Les électeurs sénégalais se sont déplacés ce dimanche 17 novembre, pour aller choisir leurs députés. Et ils l’auront fait dans le calme et la sérénité. Une atmosphère qu’il convient d’autant plus de saluer que l’on se rappelle la tension qui aura émaillé toute la durée de la campagne électorale. Les premières tendances sont sans équivoque : le Pastef de Ousmane Sonko, le premier ministre, se taille la part du lion. Face au parti au pouvoir, l’ancien président Macky et les autres n’auront pas fait le poids. Près de 8 mois après s’être offert la présidence le duo Sonko-Diomaye s’octroie donc le parlement. Désormais, le président et son premier ministre ont les leviers requis pour mettre en œuvre le programme de rupture au nom duquel les Sénégalais leur ont fait confiance. Et à l’heure du bilan, nous ferons les comptes.
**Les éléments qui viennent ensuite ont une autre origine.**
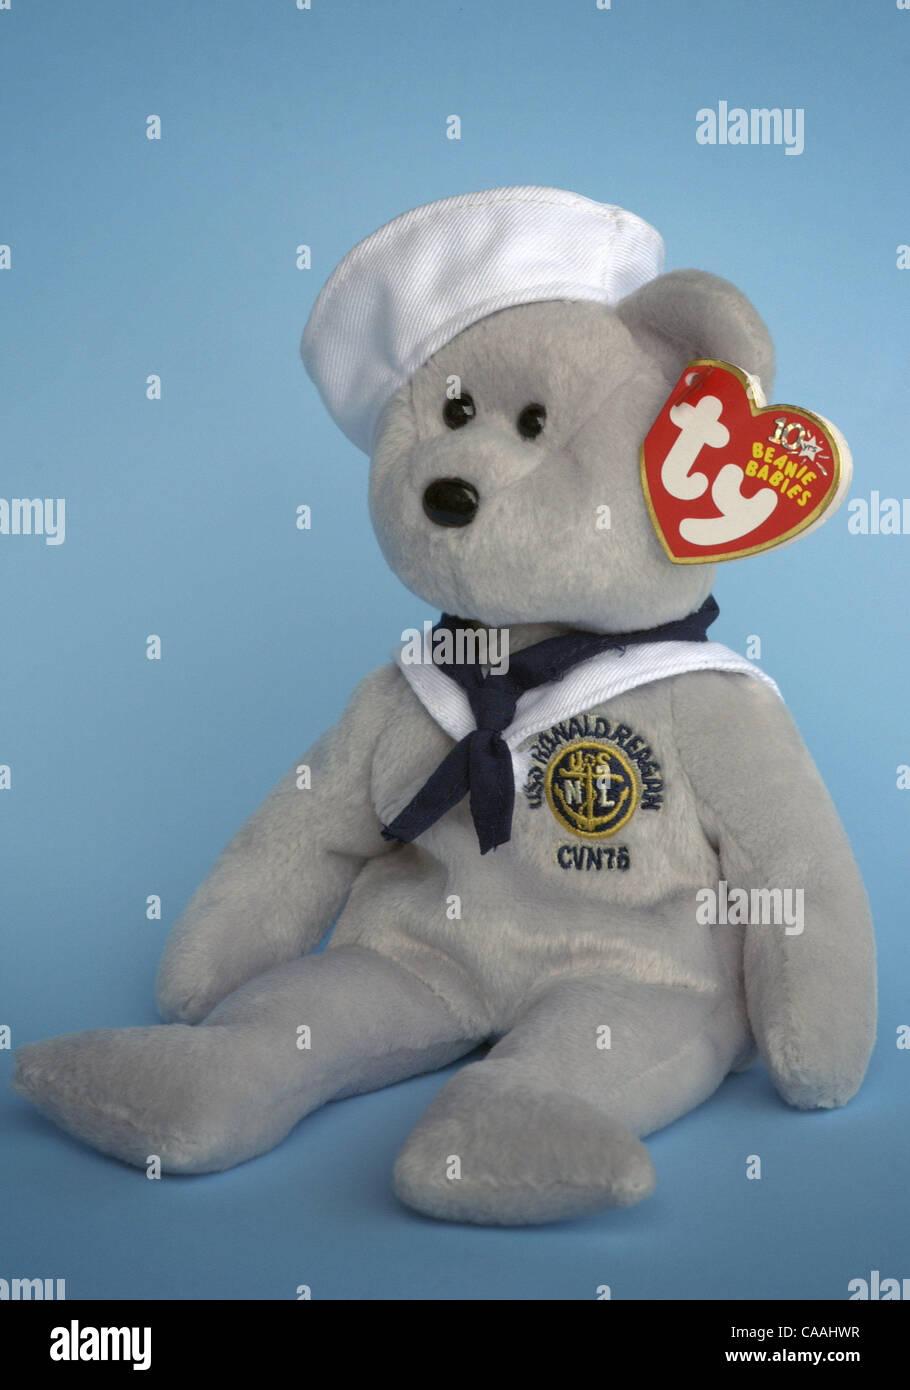 821f2193df8 Beanie Baby Bear Stock Photos   Beanie Baby Bear Stock Images - Alamy
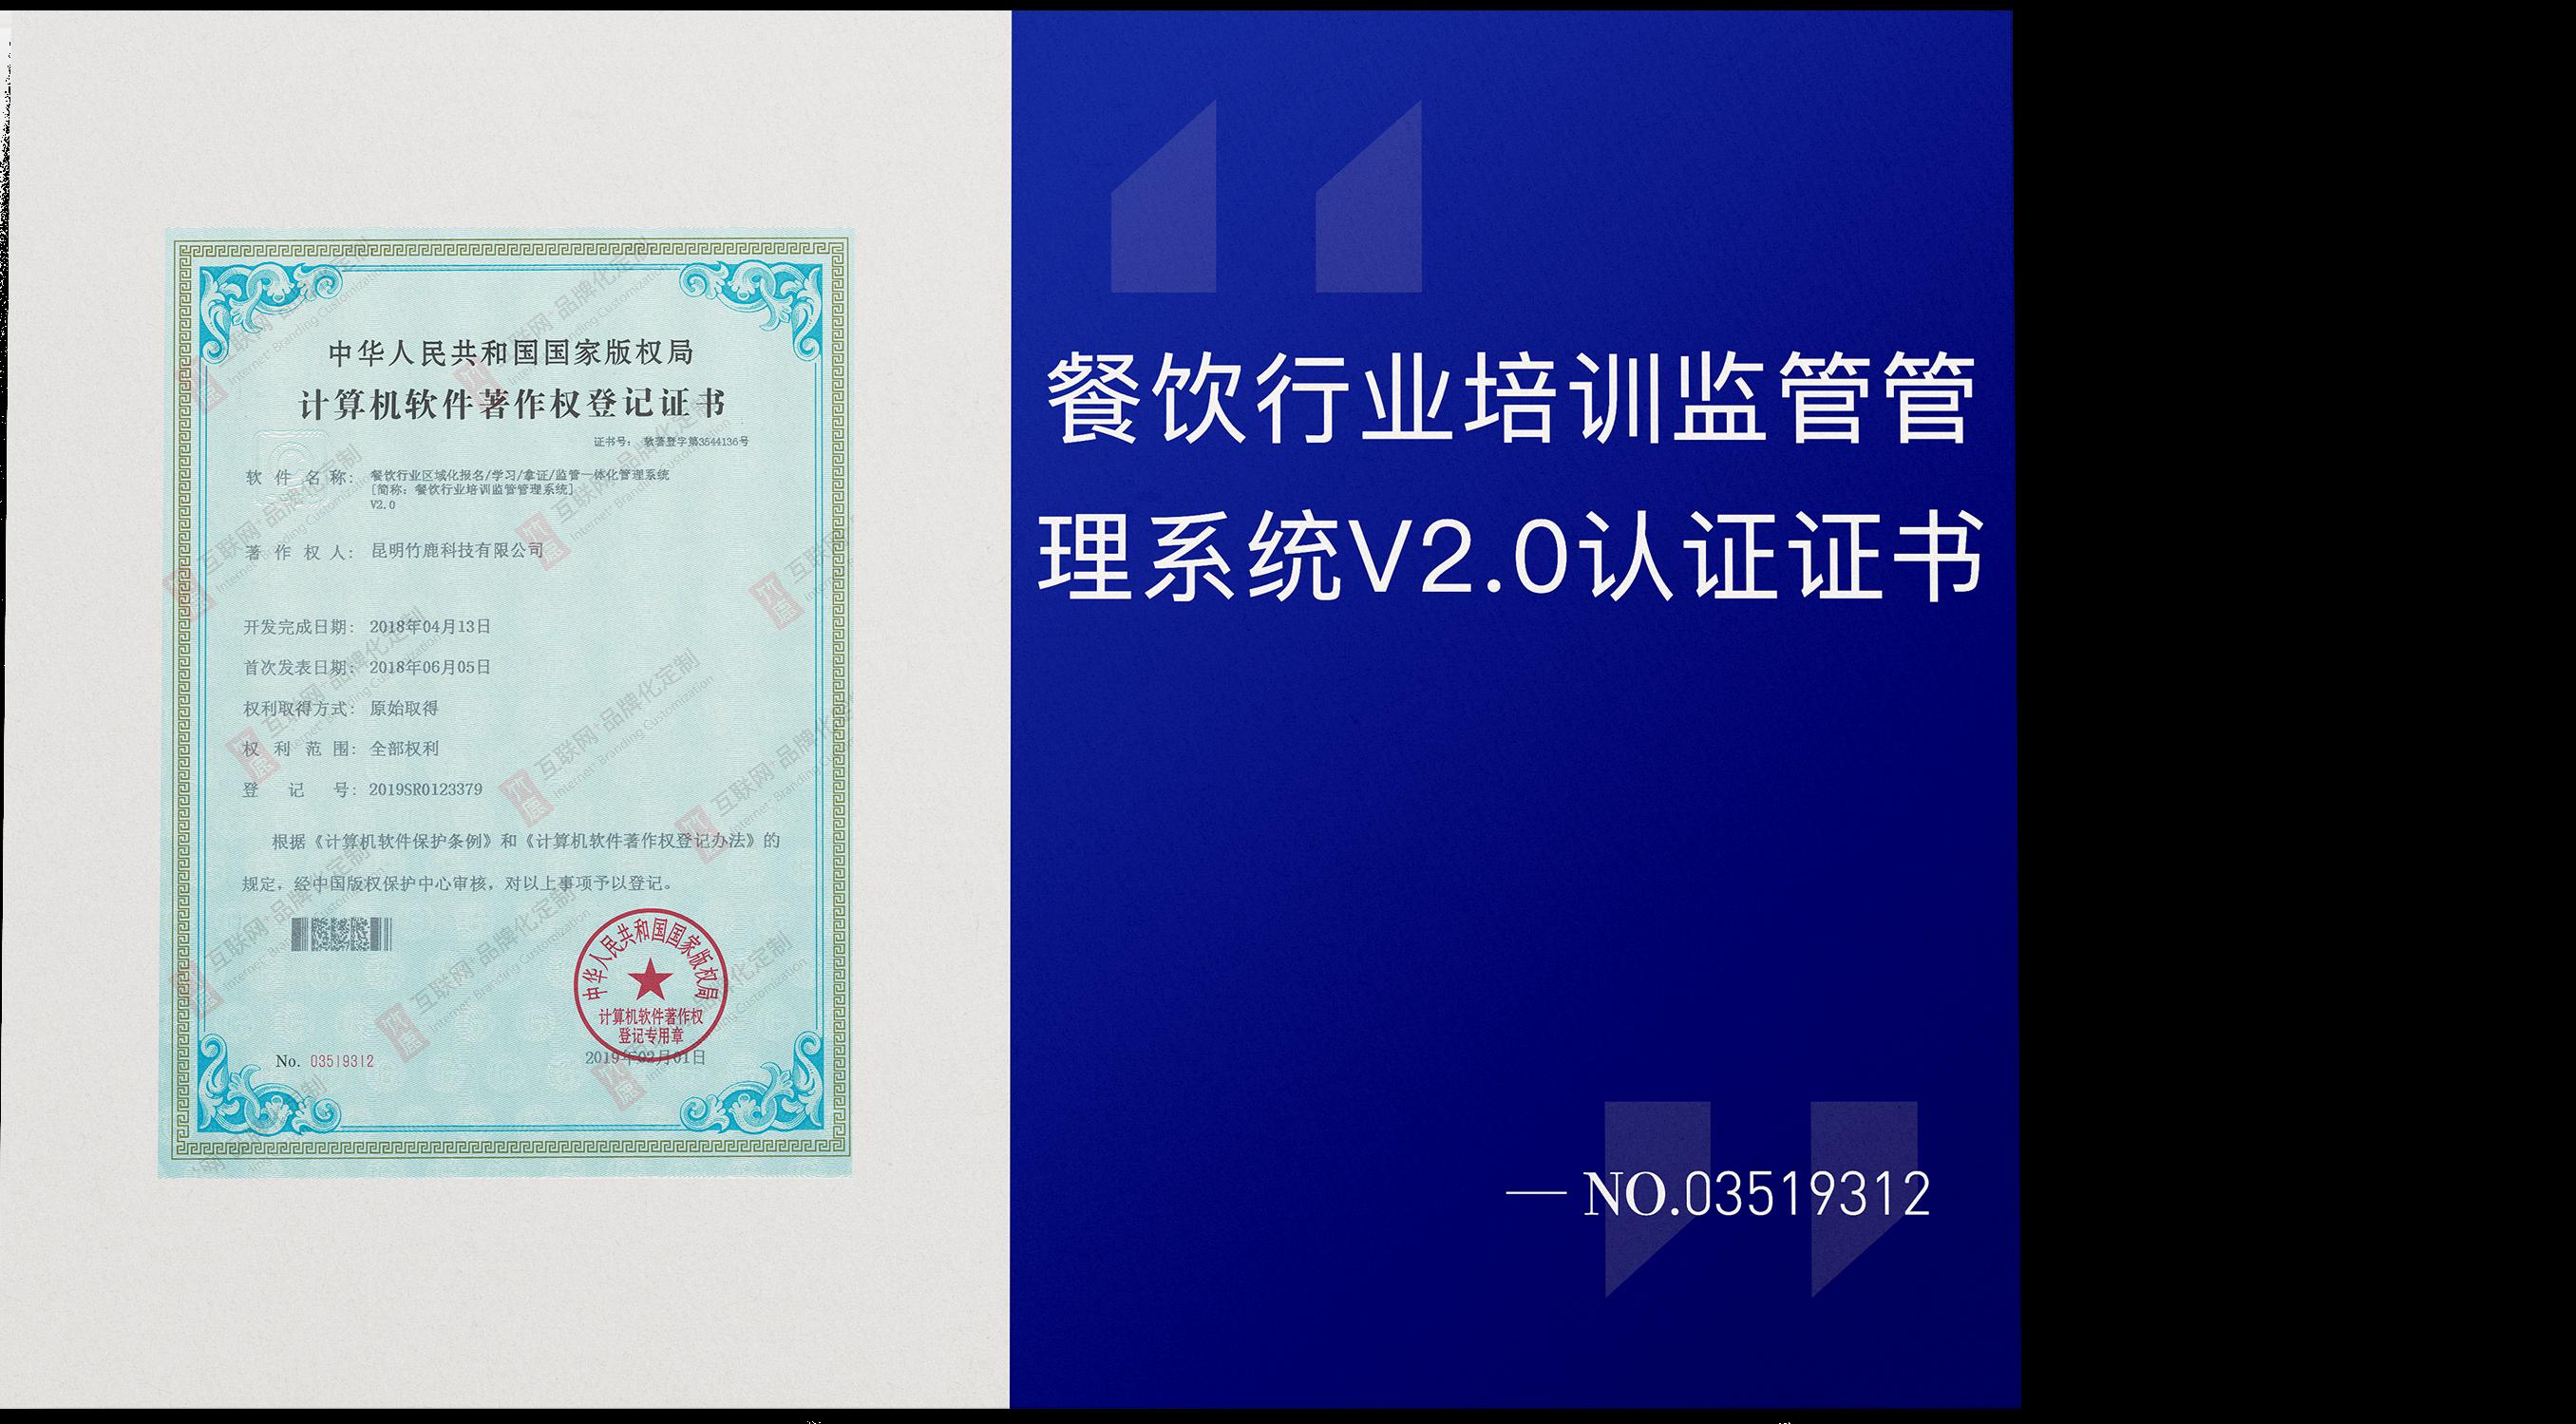 餐饮行业培训监管管理系统V2.0认证证书

En tant que telle, la victoire du parti au pouvoir ne surprend personne. Dans le sillage de la victoire qui a vu, le 24 mars dernier, Bassirou Diomaye Faye l’emporter dès le premier tour, il était évident que son parti gagnerait les législatives organisées moins d’un an après. Par contre, on ne savait quelle serait l’ampleur de la victoire. Eh bien, il semble qu’elle est très importante. Au point qu’on ne sait pas si le choix de l’ancien président de s’associer à ce scrutin n’y est pas pour quelque chose. Lui qui cristallisait la colère des Sénégalais il y a quelques mois encore a peut-être un peu trop précipité sa volonté de revenir au-devant de la scène. Certaines blessures de la crise préélectorale sénégalaise n’étant pas refermées, en offrant une nouvelle fois ce duel Macky-Sonko n’aura peut-être nécessaire aidé les siens.
Mais ce qui est fait est fait. Les Sénégalais se sont prononcés. Et ils l’ont largement fait en faveur de Ousmane Sonko, de Diomaye Faye et du Pastef. Le parti au pouvoir dont les précédents mois ont été quelque peu torpillés par l’ancienne majorité parlementaire, s’offre à son tour sa majorité. De quoi lui permettre d’appliquer son programme et d’opérer la rupture si chère au premier ministre sénégalais. Un atout sans doute. Mais aussi une responsabilité. Même si les leaders du Pastef auront jusqu’ici fait montre d’intelligence et d’une détermination à honorer leurs engagements, il y a qu’il n’est pas toujours évident de passer des engagements à leur réalisation. Parce qu’entre le projet et la réalité, le fossé peut être très grand. Or, dans le cas du Sénégal, le pouvoir ayant tous les leviers n’aura aucune échappatoire. Prions pour que les choses puissent marcher au profit du Sénégal et des Sénégalais. Mais si les résultats ne sont pas au rendez-vous, à l’heure du bilan, personne d’autre ne devra en porter la responsabilité. C’est cela aussi l’autre sens du vote d’hier au Sénégal.
Saluons de passage la maturité dont les Sénégalais, aussi bien chez les électeurs que chez les leaders, ont fait montre à l’occasion. Après une campagne électorale très tendue, la journée de vote d’hier a été calme. Aucun incident majeur. Un motif de fierté. L’autre attitude qui rassure, c’est cette galanterie et ce fair-play dont certains candidats défaits ont fait montre en félicitant ouvertement les vainqueurs. Après donc une campagne électorale au cours de laquelle certains de ses acteurs s’étaient laissé aller à des discours empreints d’émotion, on ne s’attendait pas forcément en particulier aux félicitations que les candidats Amadou Bah, ancien premier ministre et surtout candidat malheureux à la dernière présidentielle, et Barthelemy Dias, maire de Dakar, félicitent le premier ministre et son parti. Pourtant, ils l’ont fait via notamment des messages publiés sur les réseaux sociaux. Un geste qui, lui aussi, singularise le Sénégal.